To meet that goal as well as the audacious cost target the team adopted several other principles including simplicity, modularity and third party solutions.
It chose to work with standard technologies rather than those invented at Harman and it abandoned the company’s traditional practice of performing costly after sale customisation.
Products would be assembled from a menu of predesigned features and functions with modularity extended to software, allowing the team to more easily add or subtract features.
Change from below and above
Harman’s management of reverse innovation shows that the two-part approach – with local teams generating radical change from below and CEOs orchestrating company-wide changes from above – helps organisations to bypass traditional thinking and to integrate new logic into product offerings.
Project level actions
Ideally the parent company gives the local growth team the freedom to function with all the energy and imagination of a start-up, encouraging it to:
Establish radical goals: Harman’s traditional R&D methods could never have achieved such an objective but aggressive goals and the daunting constraints they imply can spark novel ways of succeeding.
Practise clean-slate organisational design: You don’t get clean-slate innovation without organisational design. Saras’ whole function approach to design helped to shatter the dominant logic in the project’s early days and showed the rest of the division that its new organisational structure was as good as or better than the company’s traditional siloed one.
Leverage global resourses: Teams in emerging markets must make full use of multinationals’ extensive assets and continue to interact with legacy units. By recruiting several of Harman’s German engineers to join his team Lawande was able to tap into Harman’s global expertise.
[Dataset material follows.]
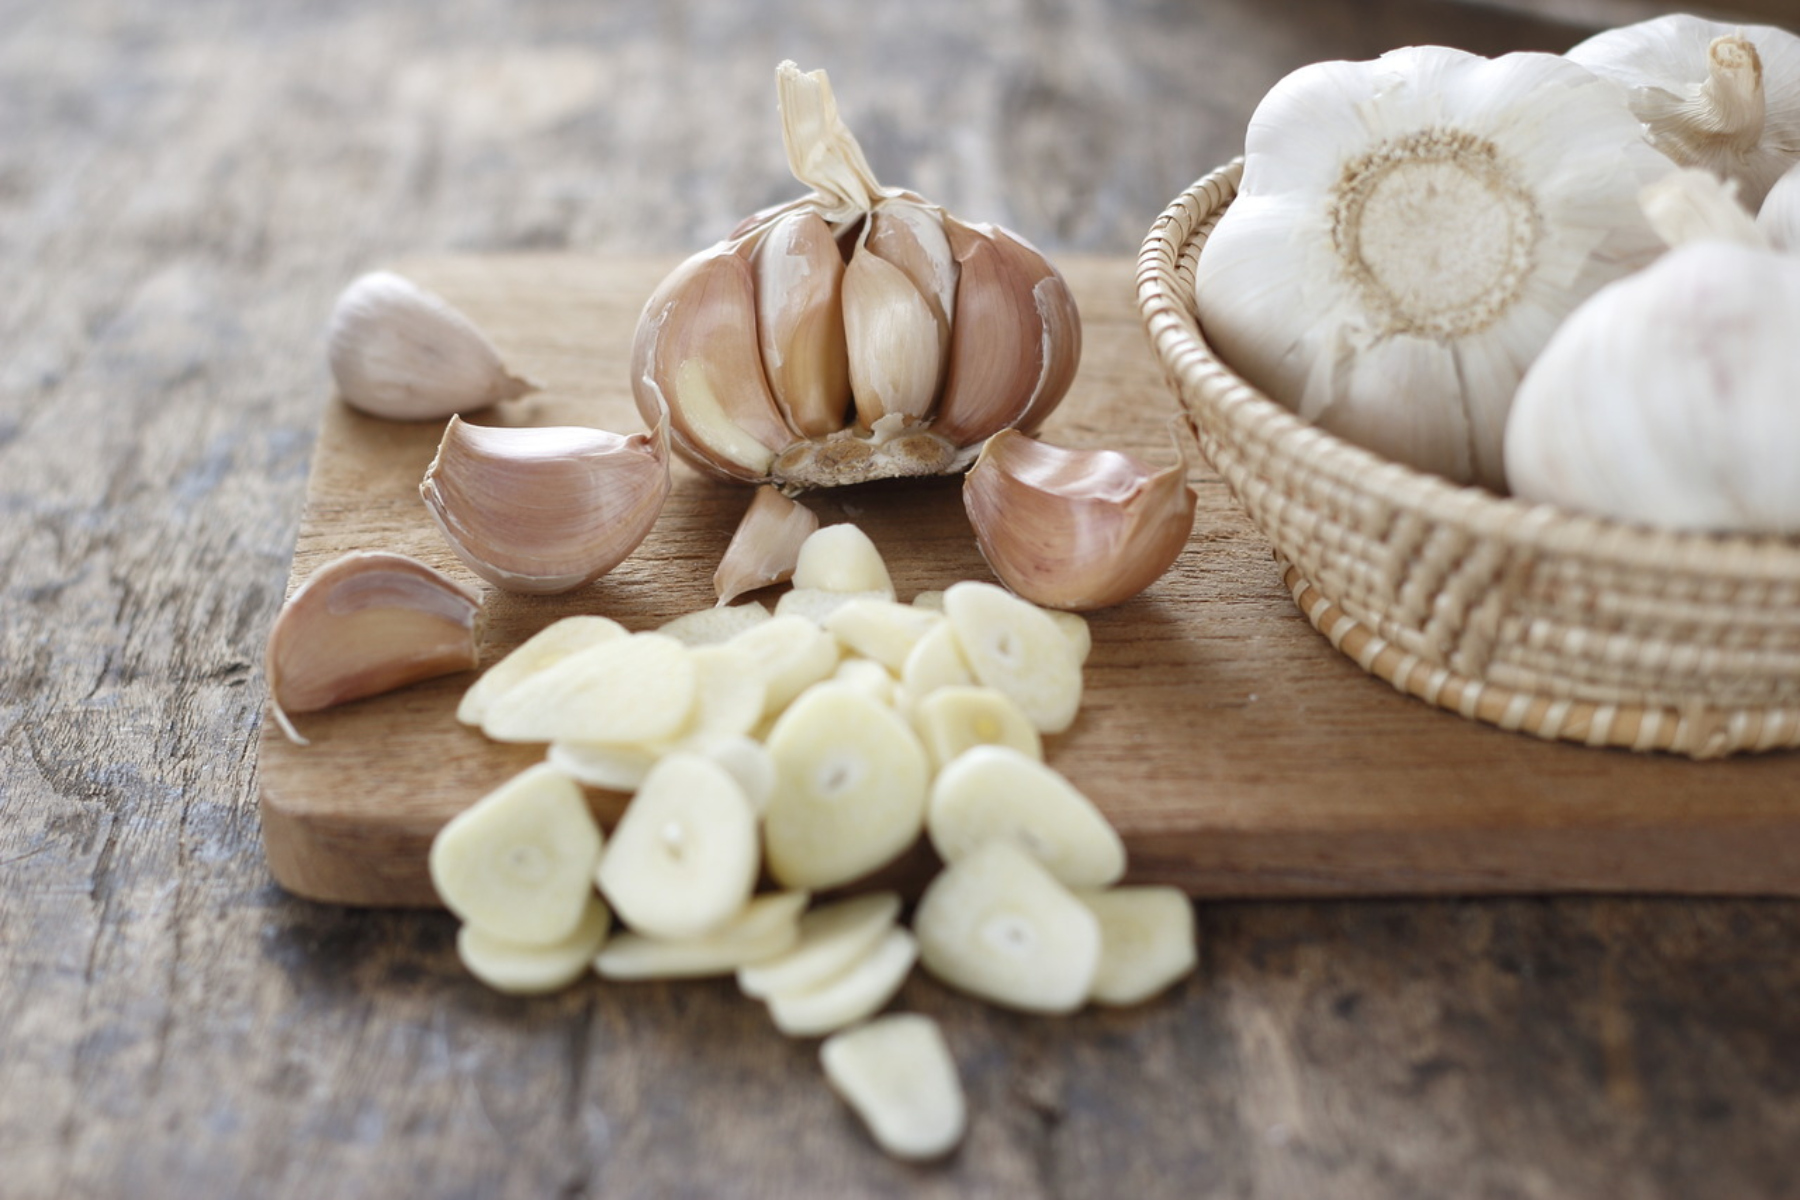 Σκόρδο IBS: Προσοχή στο σκόρδο για όσους πάσχουν από Σύνδρομο Ευερέθιστου Εντέρου
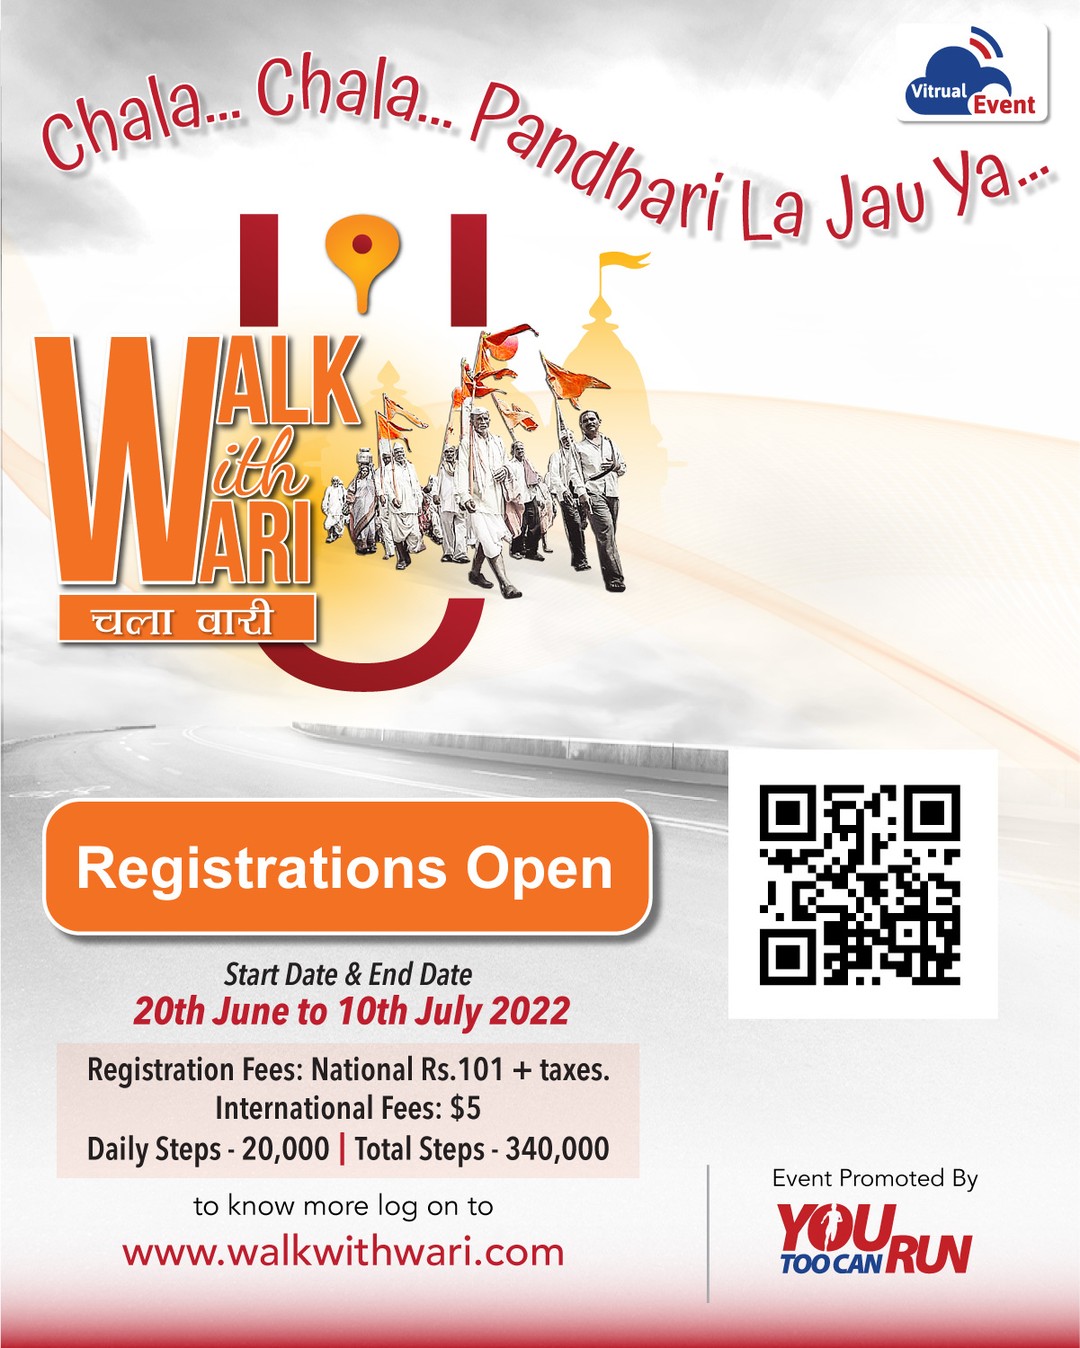 Walk With Wari - Virtual Event

Choose team leaders without conflicting interests: The team should be led by an executive whose highest priority is the project otherwise the project will be poisoned by traditional thinking that aligns with the company’s dominant revenue stream.
Top level actions
The CEO is responsible for supporting project level actions and ensuring that they have a constructive impact on the company, specifically by:
Rebranding the company’s future: Denial and resistance flourish if there is no communication from the CEO so he or she must create a new picture of where the company is going.
Shifting people and power to emerging markets: You cannot change the dominant logic without changing the people and the hierarchy. Paliwal hired two high profile executives, one from Bosch and one from Philips, and put them into newly created positions overseeing sales, marketing and distribution for India and China.
Increasing R&D spending in emerging markets and focusing it on local needs: Paliwal shifted the engineering function’s centre of gravity from Germany and the US to emerging market, where local carmakers’ needs were apparent every day.
Bulking up on emerging market knowledge and expertise: Shattering the mindset and integrating reverse innovation are often impossible at western multinational companies unless leaders fully understand the huge potential of emerging markets.
CEOs can increase knowledge of emerging markets by including leaders with deep experience in the developing world on boards of directors and top management teams.
Harman assigns managers to two-year stints in emerging markets for personal and professional growth, fostering the sharing of expertise between legacy units and Saras.